Saint-Cyr regresó con dos platos y una botella de vino, desplazándose con la destreza de un camarero profesional.
—Hojaldre de mollejas de ternera a la trufa —anunció mientras colocaba un gran plato humeante delante de Servaz.
El olor era exquisito. Servaz hundió el tenedor en el interior y se llevó un bocado a los labios. Aunque se quemó la lengua, reconoció que raras veces había comido algo tan bueno.
—¿Qué tal?
—Si era tan buen juez como cocinero, los juzgados de Saint-Martin perdieron un excelente magistrado.
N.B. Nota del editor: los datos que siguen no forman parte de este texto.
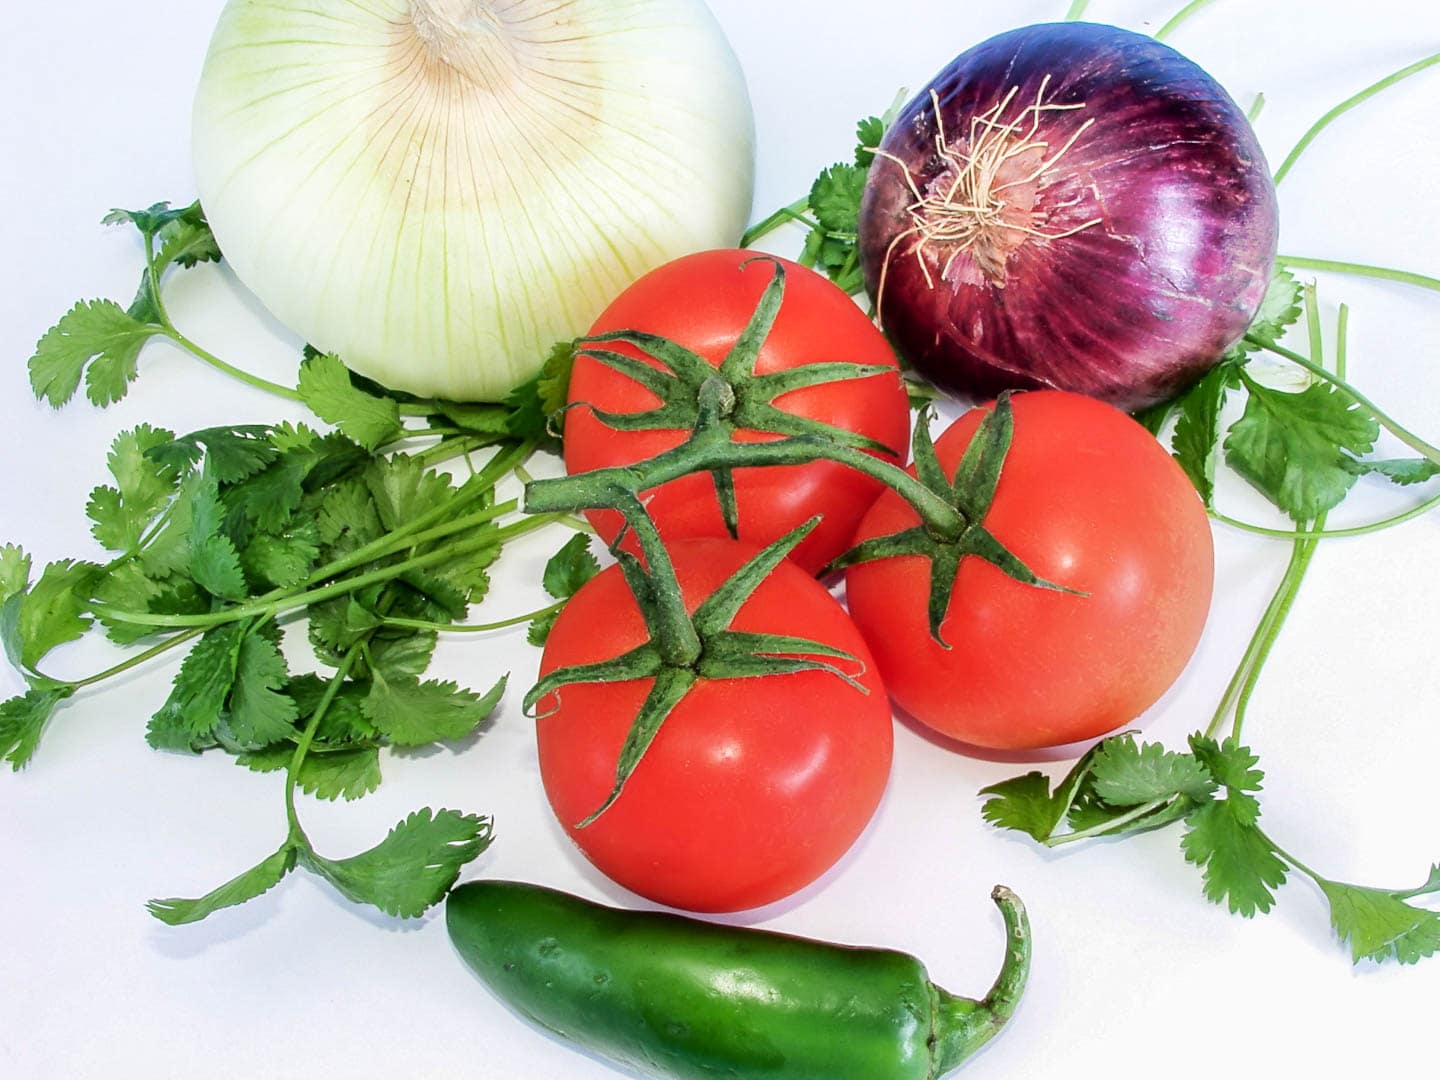 pico de gallo ingredients - onions, tomatoes, chile pepper, fresh cilantro

Saint-Cyr aceptó aquel halago sin reparos. Conocía lo bastante sus cualidades de cocinero para saber que, aunque un tanto exagerado, el elogio era sincero. El hombrecillo decantó la botella de vino blanco sobre la copa de Servaz.
—A ver, prueba esto.
Servaz elevó la copa ante sus ojos antes de acercarla a los labios. Con la luz de las velas situadas en el centro de la mesa, el vino tenía un color de oro pálido, con reflejos esmeralda. Servaz no era un gran entendido, pero le bastó el primer sorbo para saber que el vino que acababa de servirle era excepcional.
—Maravilloso, de verdad. Aunque yo no soy un especialista.
Saint-Cyr inclinó la cabeza.
—Bâtard-montrachet del 2001.
Hizo chasquear la lengua con un guiño.
Ya en el segundo sorbo, Servaz sintió que le daba vueltas la cabeza. No debería haber ido con el estómago vacío.
—¿Me quiere soltar la lengua? —preguntó sonriendo.
Saint-Cyr se echó a reír.
—Es un placer verte devorar así. Se diría que no has comido desde hace diez días. ¿Qué piensas de Confiant? —preguntó de repente.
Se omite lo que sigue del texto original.